**EXERCISE REQUIREMENTS**: Everything from the line containing "Olympus PEN E-PL5" to the last line of the material below must be retyped exactly, both ends included; skip the pictures.

#### DATA SEGMENT

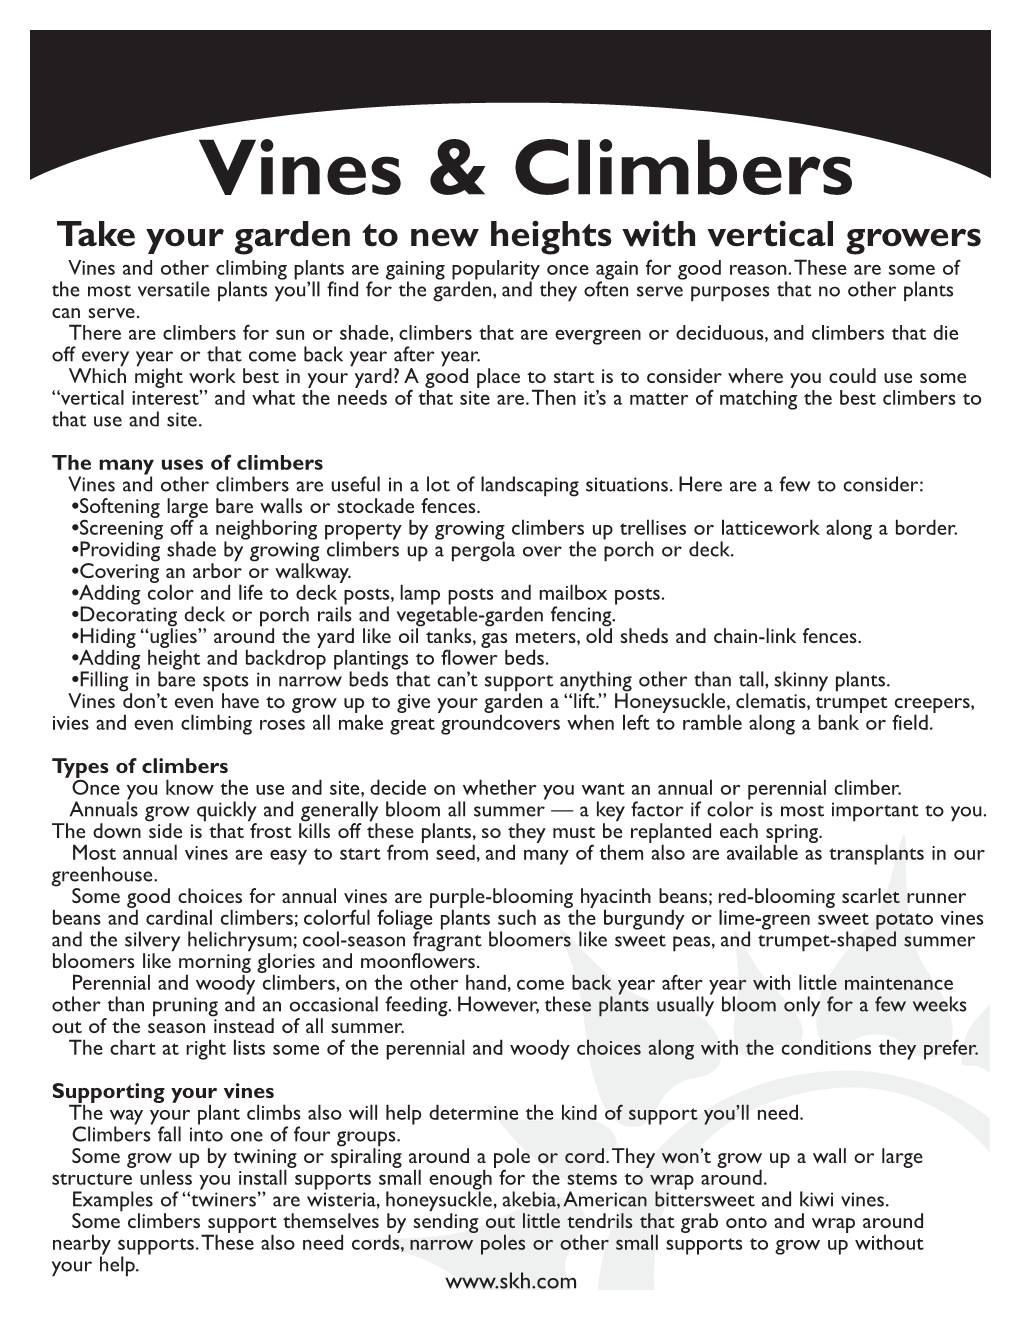 Vines & Climbers
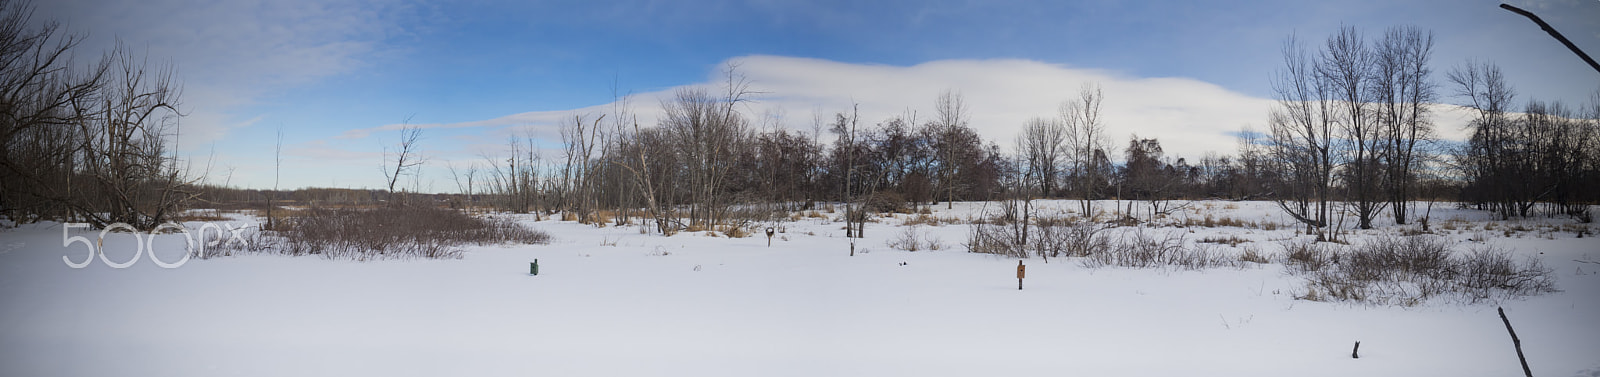 Olympus PEN E-PL5 sample photo. Winter landscape photography
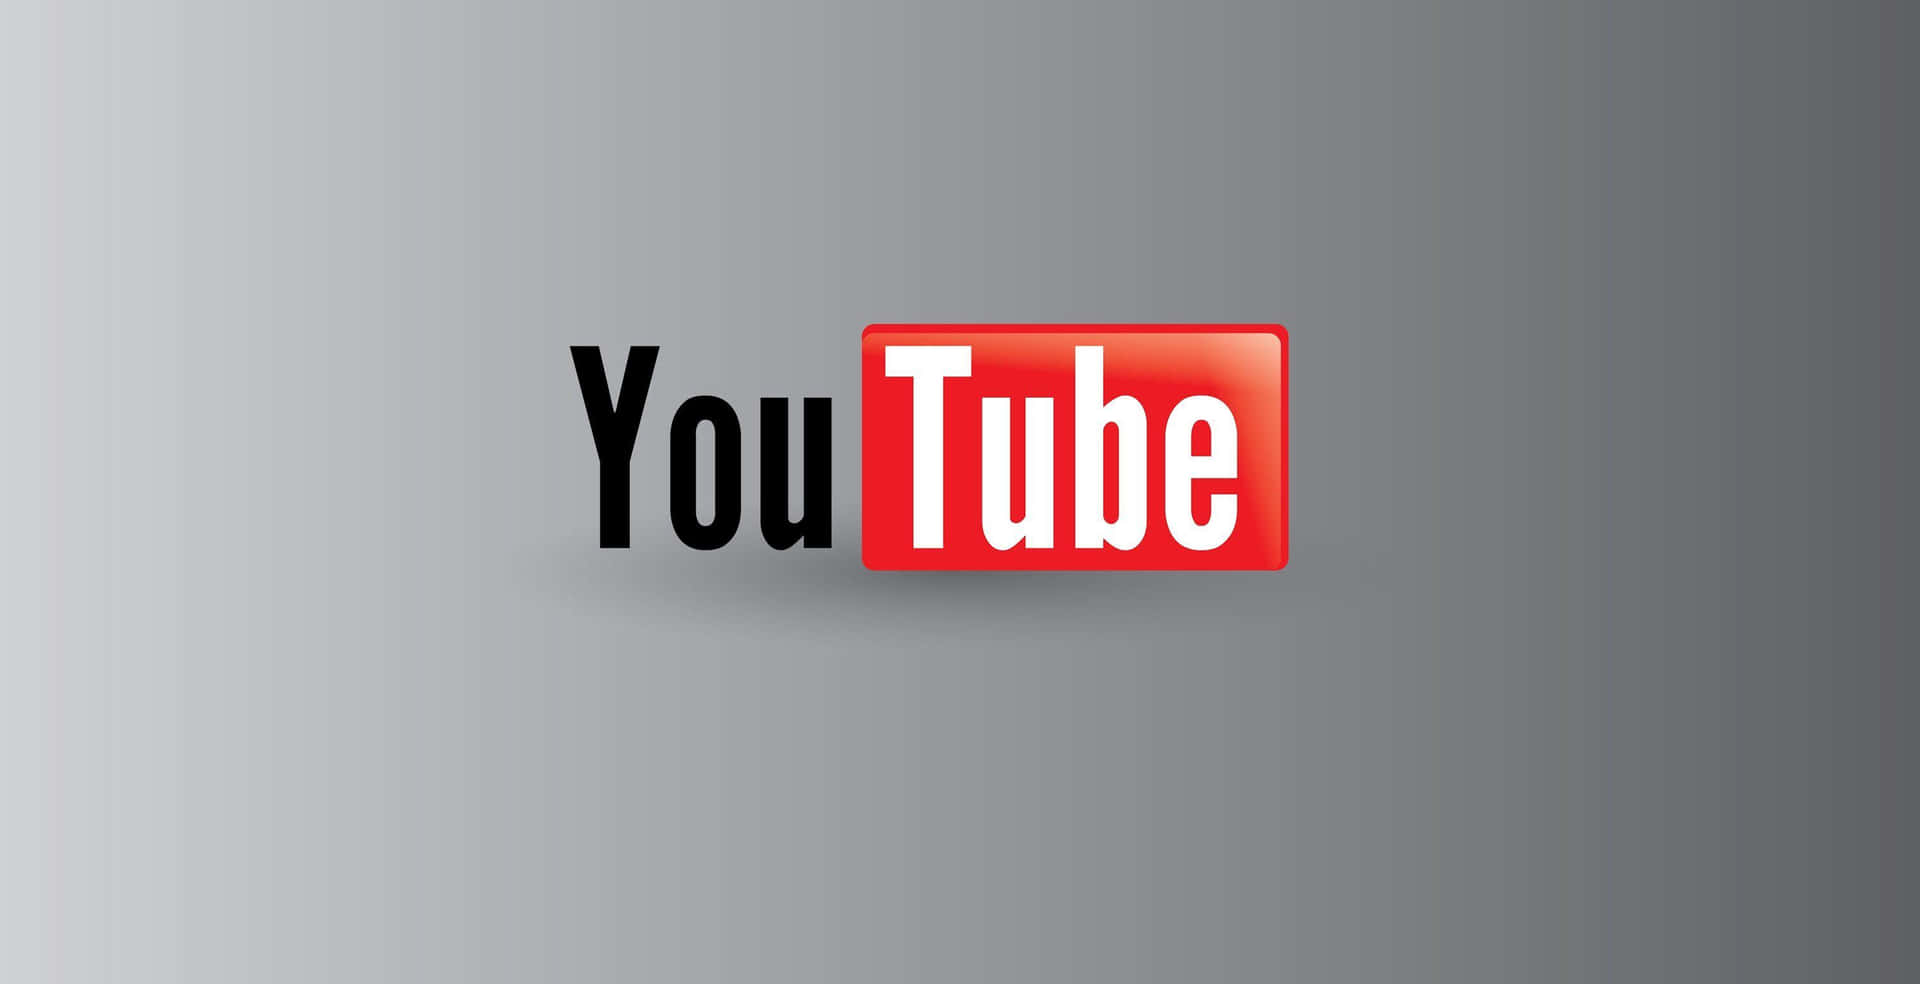 Logotipode Youtube Sobre Un Fondo De Gradiente Rojo.

########

**YOUR RESPONSE**:
 Olympus PEN E-PL5 sample photo. Winter landscape photography
 Logotipode Youtube Sobre Un Fondo De Gradiente Rojo.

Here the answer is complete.